Joe Banno, Griffey makes himself heard at Vocal Arts Society recital (Washington Post, May 7)
That did not prevent this cycle from having considerable emotional and musical appeal of its own particular kind. Frazelle, also from North Carolina, sets the story of an aimless narrator and his haunted memories of a troubled childhood in an idealized and nostalgic version of the American South. To set the images in the mind, the performers were set to one side of the stage to allow the projection of a few images created by William Christenberry, whose works are mentioned in the first poem, helping to set the stage, along with the photographs of Walker Evans and the writing of James Agee. Whimsical songs like the funky, bluesy rag "Kudzu" and "Road signs," with its shouts from the roadside markers of desperate produce salesman and the madcap oompah vamp of a revival song (concluded with a bang as pianist Jones smacked the final chord, spun around to face the audience, and shouted "Do you?"), balanced the narrator's more sober and saddening memories. It was a beautiful performance of a worthy and interesting new work, but in the inevitable comparison to a real classic of Southern memory, Barber's Knoxville: Summer of 1915 (set to a text by none other than James Agee), Frazelle's work is again outclassed. Two encores brought the audience full circle, with Copland's arrangement of Simple Gifts and a stirring rendition of This Little Light of Mine.

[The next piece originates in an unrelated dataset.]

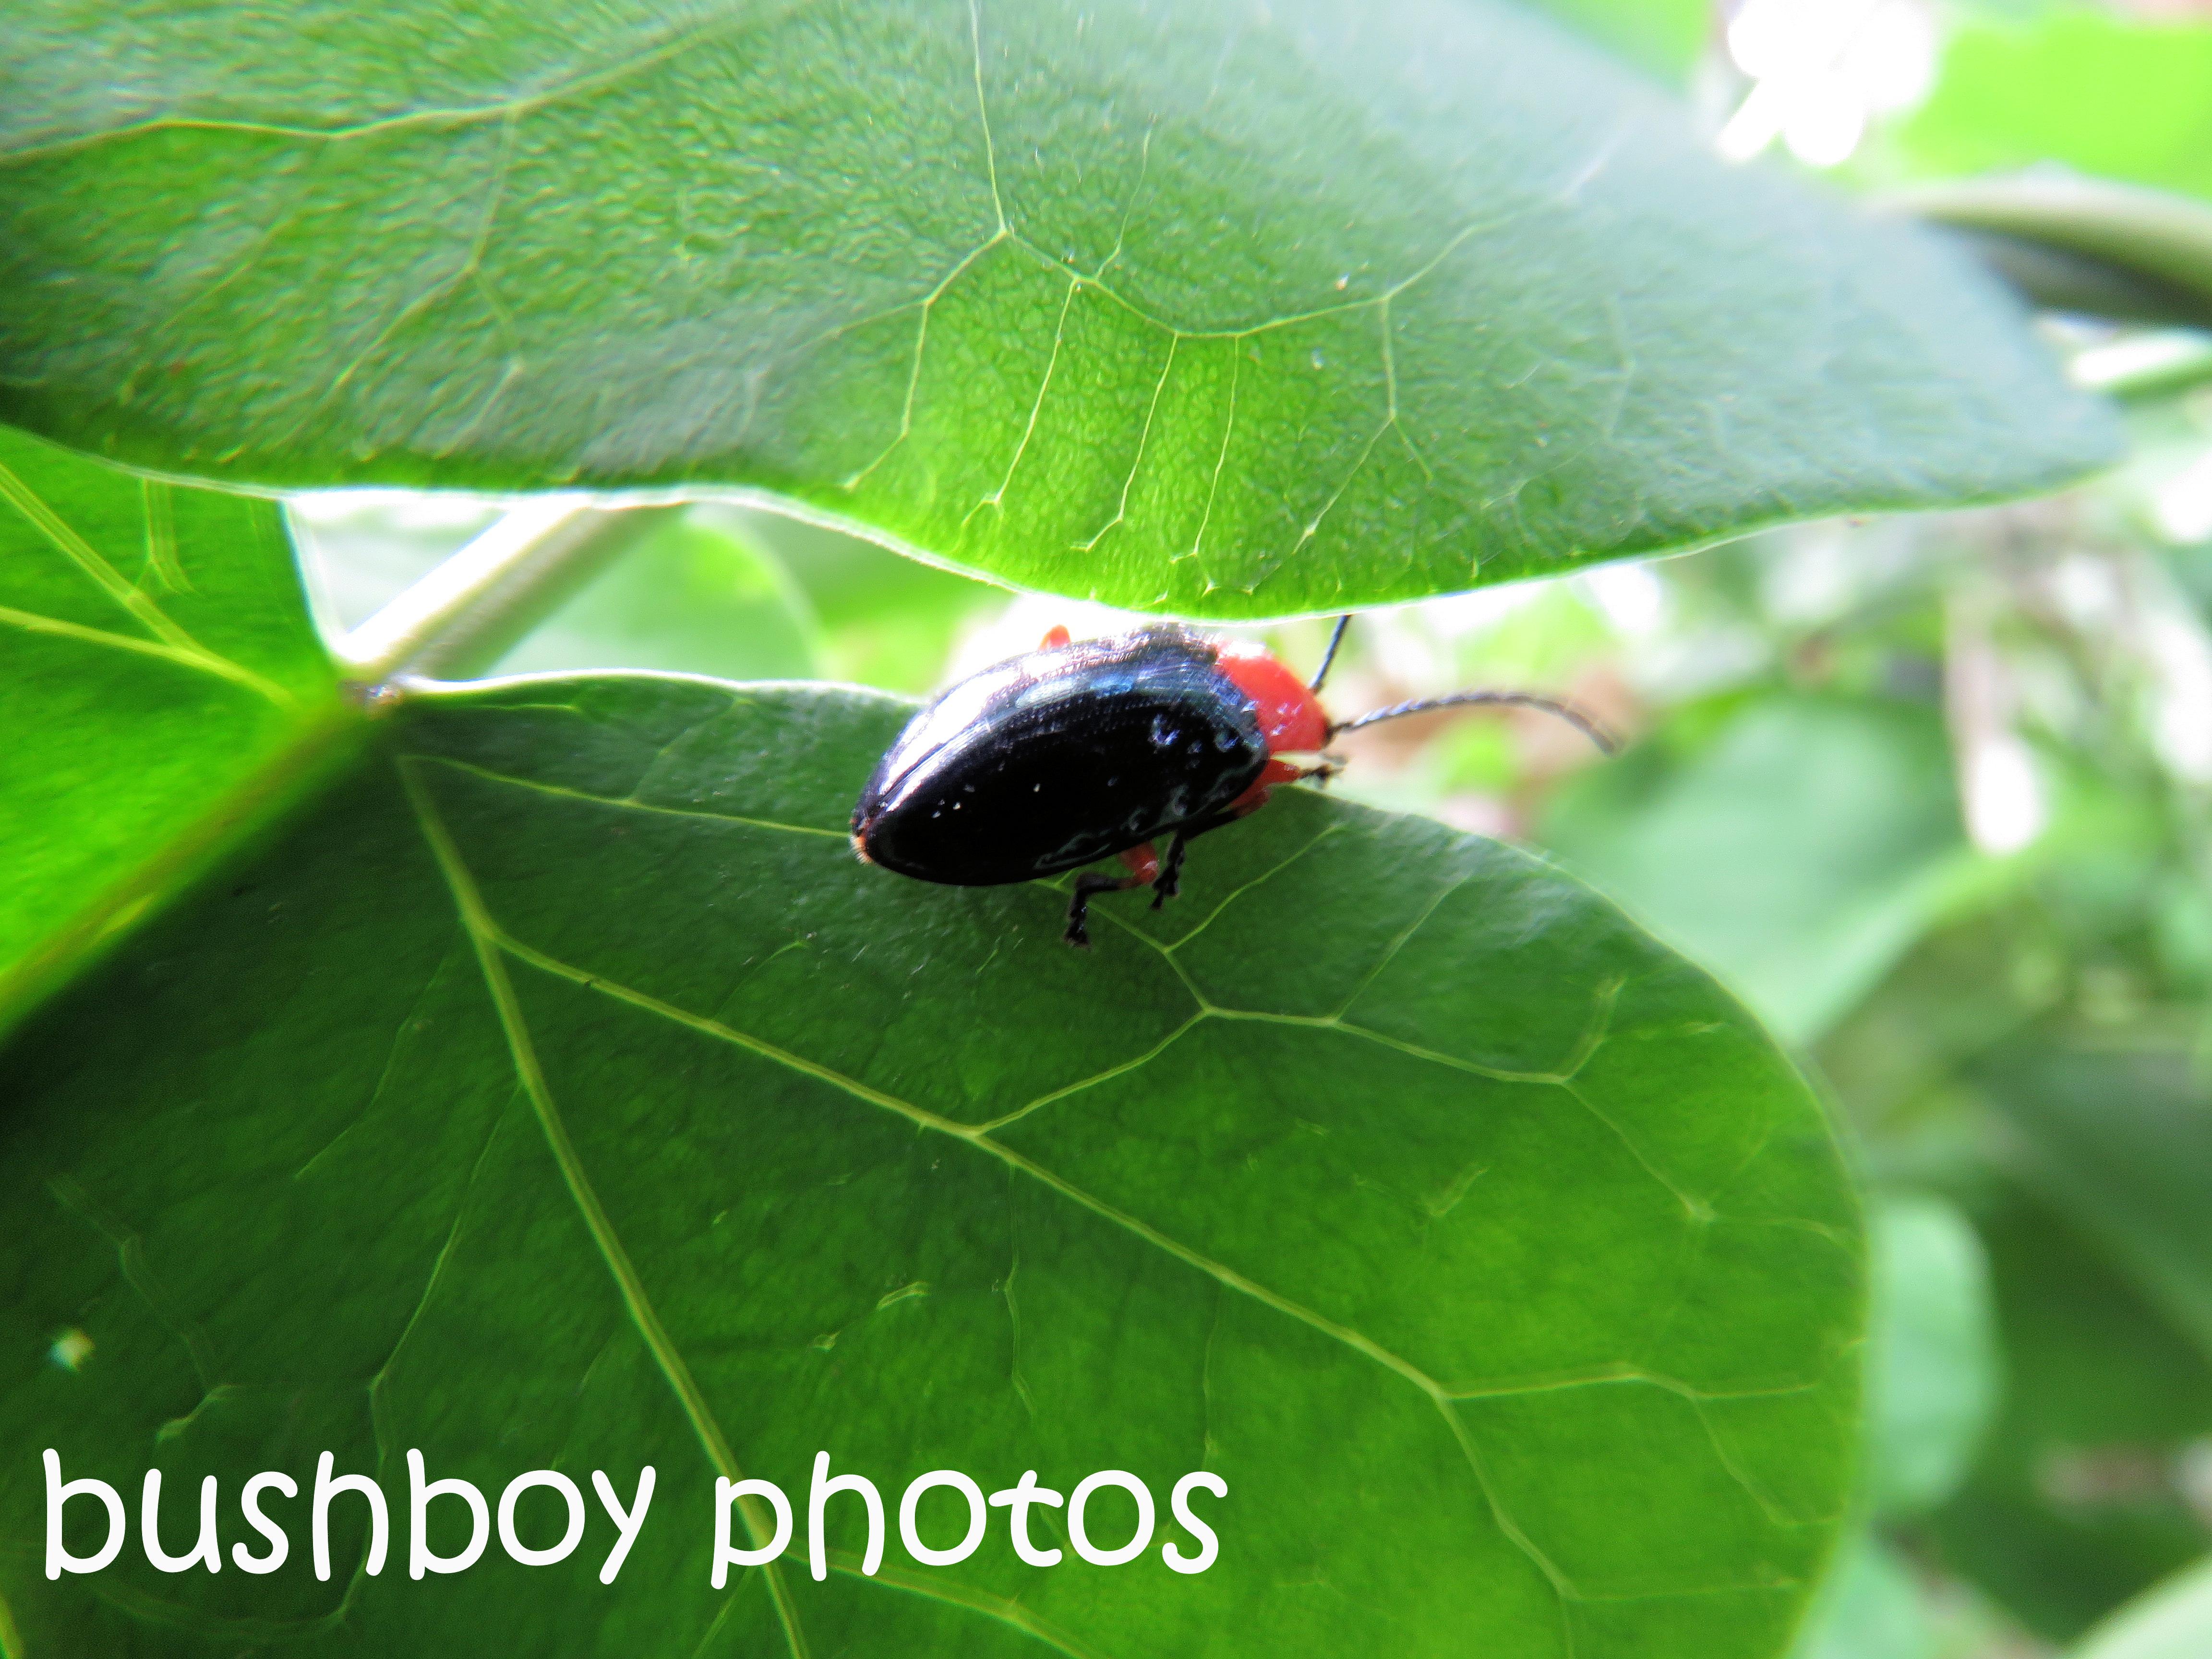 insect_named_binna-burra_oct-2016

One more recital remains on the VAS season, another all-American program by baritone Stephen Salters and pianist David Zobel at the Austrian Embassy (May 26, 7:30 pm). The already announced 2010-2011 season will include recitals by Yuri Minenko, Sasha Cooke, Alice Coote, Ailyn Pérez and Stephen Costello, Joyce DiDonato, and Christine Brewer. For anyone who loves fine singing, this recital series is a must.